_Exercise prompt_
In the records below, repeat exactly the lines between the line holding "mame kurogouchi(マメクロゴウチ) 「Cotton" and the line holding "n & Foto Stock", inclusive, and drop the pictures.

_Supplied records_
========================

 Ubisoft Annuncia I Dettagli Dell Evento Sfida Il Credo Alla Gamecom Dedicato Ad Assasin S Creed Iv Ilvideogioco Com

========================

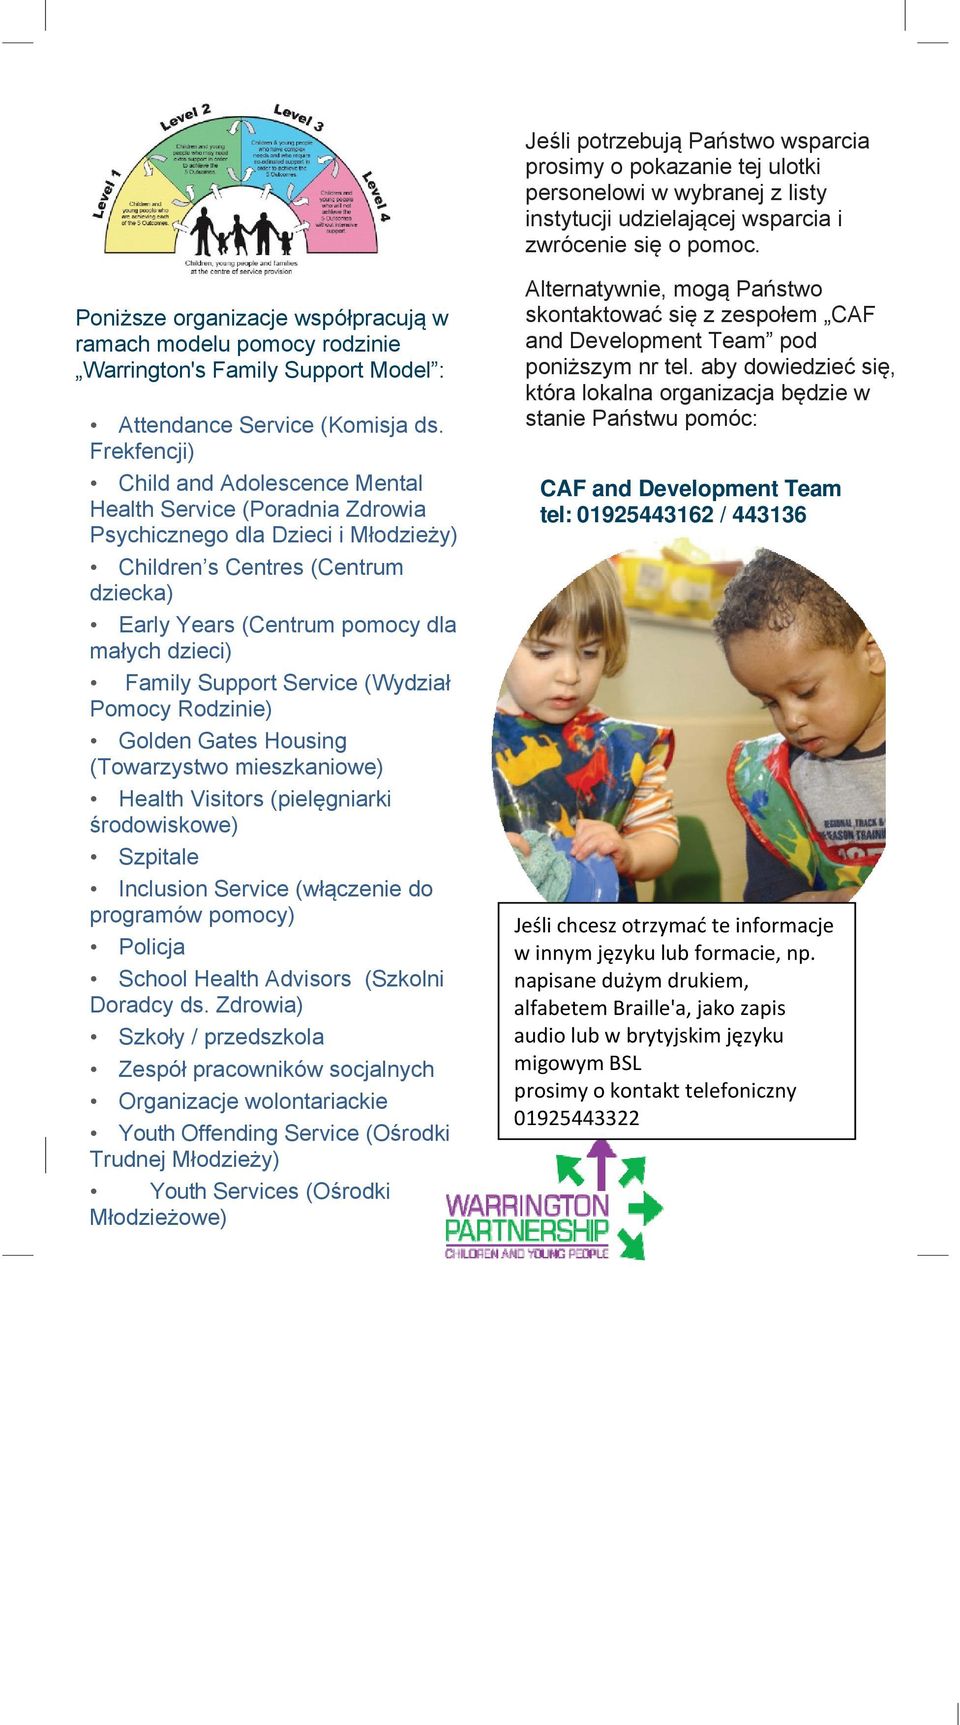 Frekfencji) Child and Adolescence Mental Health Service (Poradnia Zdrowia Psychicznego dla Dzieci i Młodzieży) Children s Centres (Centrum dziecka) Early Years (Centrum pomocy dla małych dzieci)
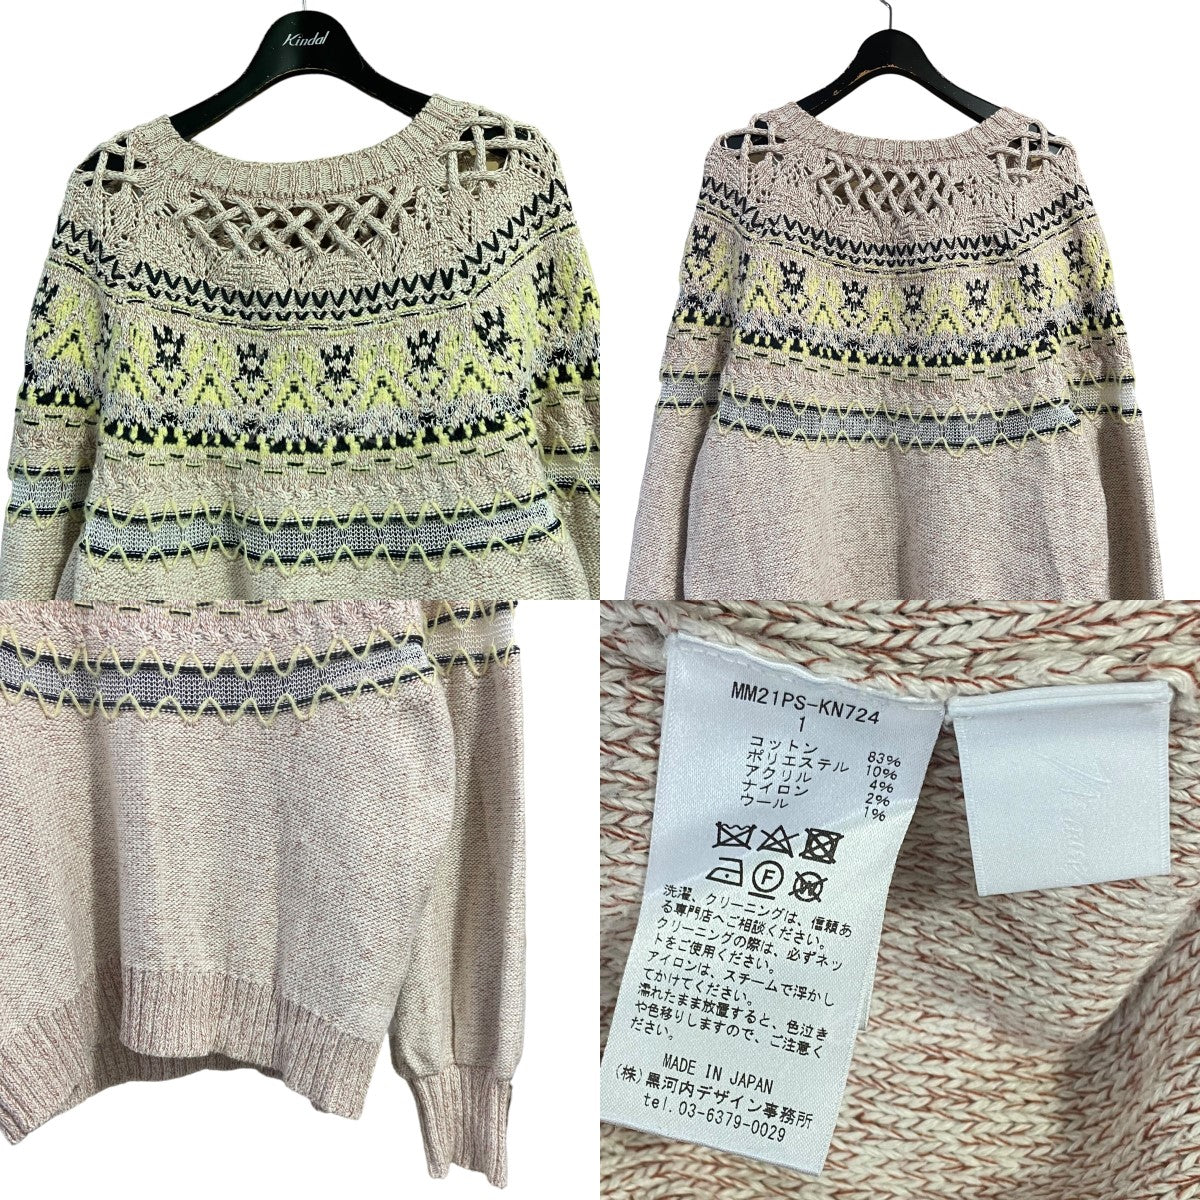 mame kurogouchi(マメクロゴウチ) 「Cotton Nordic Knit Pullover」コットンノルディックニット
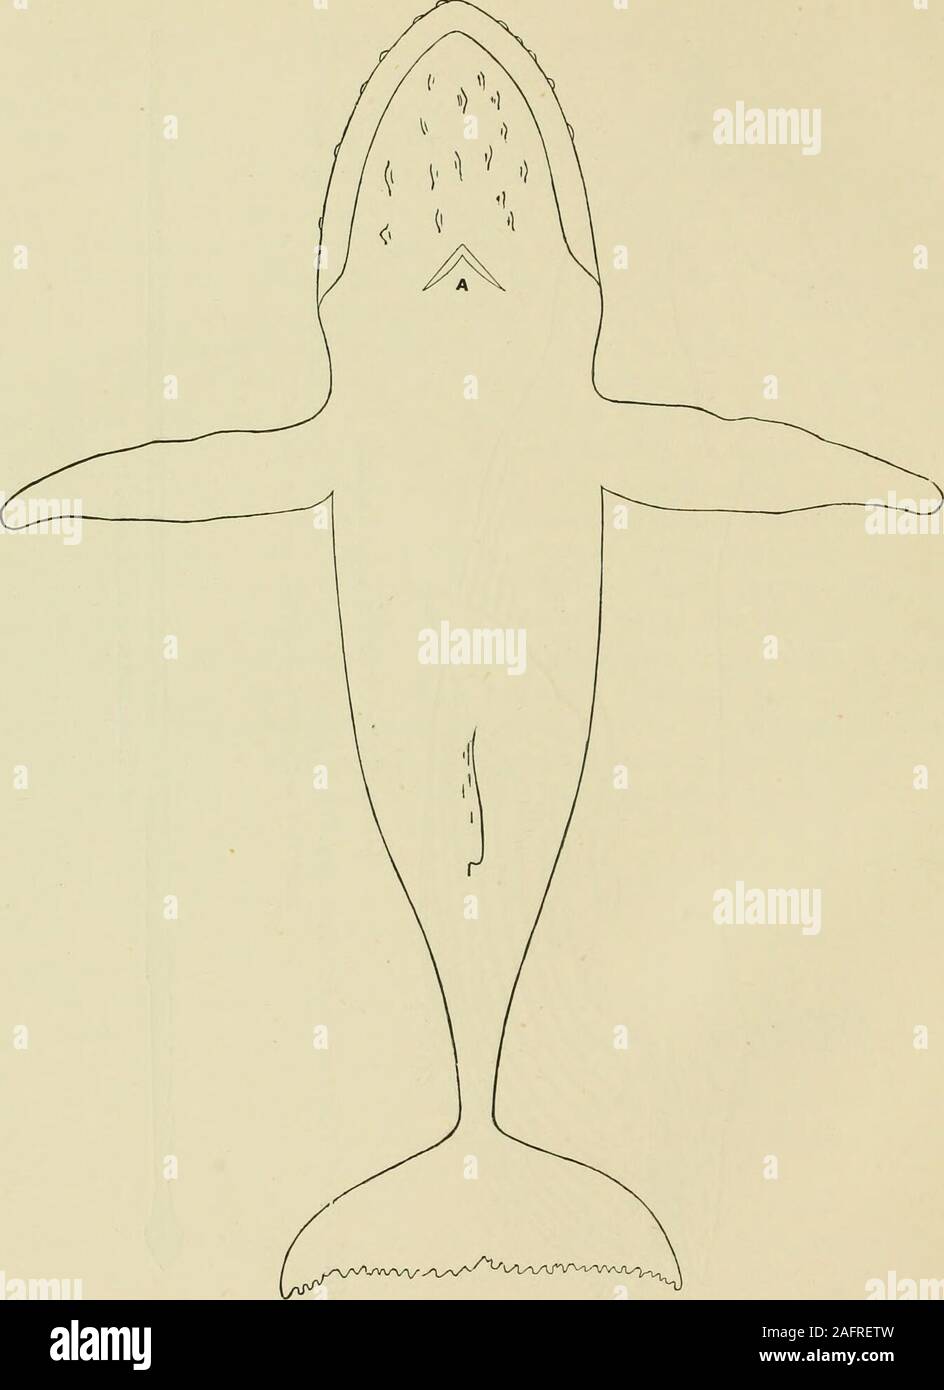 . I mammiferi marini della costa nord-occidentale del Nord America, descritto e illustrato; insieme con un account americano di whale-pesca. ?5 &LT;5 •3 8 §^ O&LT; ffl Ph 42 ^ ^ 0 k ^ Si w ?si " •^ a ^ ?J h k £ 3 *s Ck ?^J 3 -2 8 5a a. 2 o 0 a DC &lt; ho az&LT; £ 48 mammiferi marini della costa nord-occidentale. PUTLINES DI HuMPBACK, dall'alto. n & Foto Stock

========================

_Task response_
 mame kurogouchi(マメクロゴウチ) 「Cotton Nordic Knit Pullover」コットンノルディックニット
 . I mammiferi marini della costa nord-occidentale del Nord America, descritto e illustrato; insieme con un account americano di whale-pesca. ?5 &LT;5 •3 8 §^ O&LT; ffl Ph 42 ^ ^ 0 k ^ Si w ?si " •^ a ^ ?J h k £ 3 *s Ck ?^J 3 -2 8 5a a. 2 o 0 a DC &lt; ho az&LT; £ 48 mammiferi marini della costa nord-occidentale. PUTLINES DI HuMPBACK, dall'alto. n & Foto Stock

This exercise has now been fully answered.